LastPass – Dev Env Breach → Source Code Recon → DevOps Home PC (Plex Exploit) → Keylogger → AWS S3 Vault Backup Exfil
A two-stage attack first compromised LastPass's development environment, then used the stolen technical knowledge to target a specific DevOps engineer — one of only four people with access to production decryption keys. The attacker exploited a years-old unpatched vulnerability in Plex Media Server on the engineer's personal home computer to install a keylogger, captured the master password, unlocked the engineer's personal LastPass vault, and used the cloud credentials inside to exfiltrate encrypted customer vault backups from AWS S3. The entire chain required no zero-days in LastPass's production infrastructure.
A LastPass software developer's endpoint was compromised via a third-party software package. The attacker used this foothold to access the developer's credentials and the shared development environment, exfiltrating source code, technical documentation, internal secrets, and some customer metadata. LastPass disclosed this breach in August 2022, describing it as a development environment incident with no customer data or vault content accessed. What wasn't known at the time: the stolen technical documentation would be used to plan Stage 2.
Customer impact at Stage 1: None disclosed — no production access, no vault data
Strategic value to attacker: Infrastructure topology, S3 bucket names, backup key architecture, target identity (DevOps engineer)
Using the documentation stolen in Stage 1, the attacker understood exactly how LastPass's production backup encryption worked: a small set of DevOps engineers held decryption keys for the production S3 backup environment. Only four employees had access. The attacker identified one of these four as the target for Stage 2 — choosing home infrastructure as the attack surface because personal endpoints are outside corporate MDM and EDR coverage.
Attack surface chosen: Personal home computer — outside corporate MDM, EDR, and monitoring
Intelligence source: Stage 1 stolen technical documentation and internal runbooks
The targeted DevOps engineer ran Plex Media Server on their personal home computer. The attacker exploited a known vulnerability in Plex that had been publicly disclosed years prior and had a patch available — but the engineer's home installation was unpatched. Plex itself disclosed separately that it had been notified of this exploitation and confirmed the CVE was over two years old with a patch available. The exploit provided remote code execution on the home machine.
Vulnerability age: Over 2 years old with patch available at time of exploitation
Attack surface: Personal home computer — no corporate EDR, no MDM, no monitoring
Result: Remote code execution on the DevOps engineer's home machine
Using the RCE foothold, the attacker installed a keylogger on the DevOps engineer's home PC. When the engineer next unlocked their personal LastPass vault, the master password was captured in plaintext. LastPass confirmed the keylogger captured the master password while the MFA was bypassed — the engineer's vault was on a personal device where MFA state was already trusted, meaning only the master password was needed to decrypt the local vault.

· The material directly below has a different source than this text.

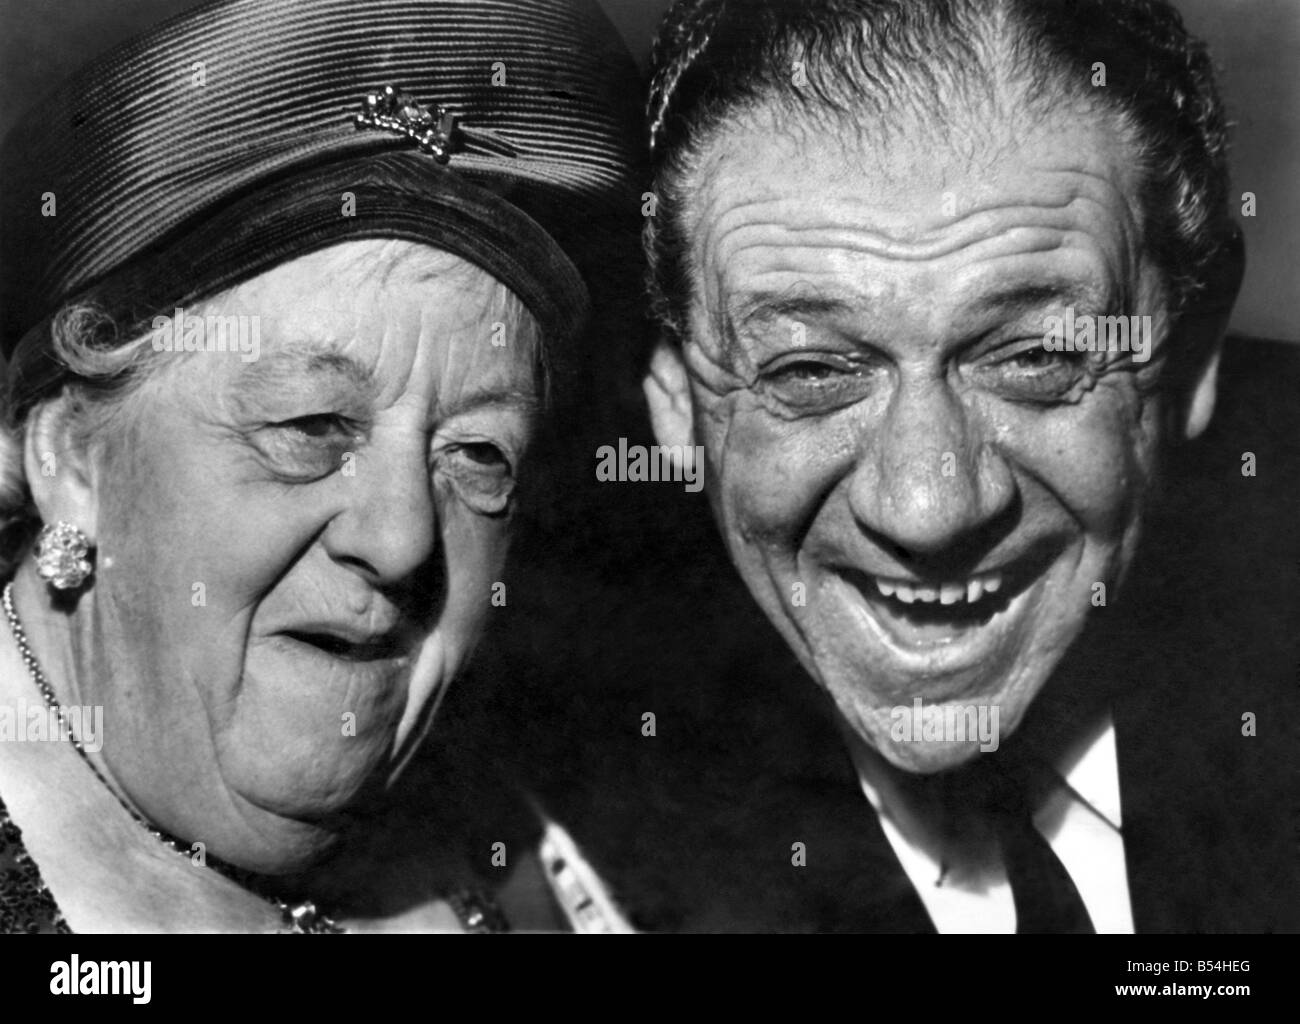 Margaret Rutherford and Sid James. April 1965 P011168 Stock Photo

MFA bypass: Personal device was a trusted device — MFA not re-prompted at each vault unlock
What was captured: Master password for the DevOps engineer's personal LastPass vault
The attacker used the captured master password to decrypt the DevOps engineer's LastPass vault. Inside were the credentials the engineer used day-to-day: AWS IAM access keys, cloud infrastructure credentials, and the decryption keys for the LastPass production backup environment stored in S3. The vault effectively contained the keys to the kingdom — by targeting the one person whose vault was both accessible from a personal device and contained production credentials, the attacker bypassed all of LastPass's production security controls in a single step.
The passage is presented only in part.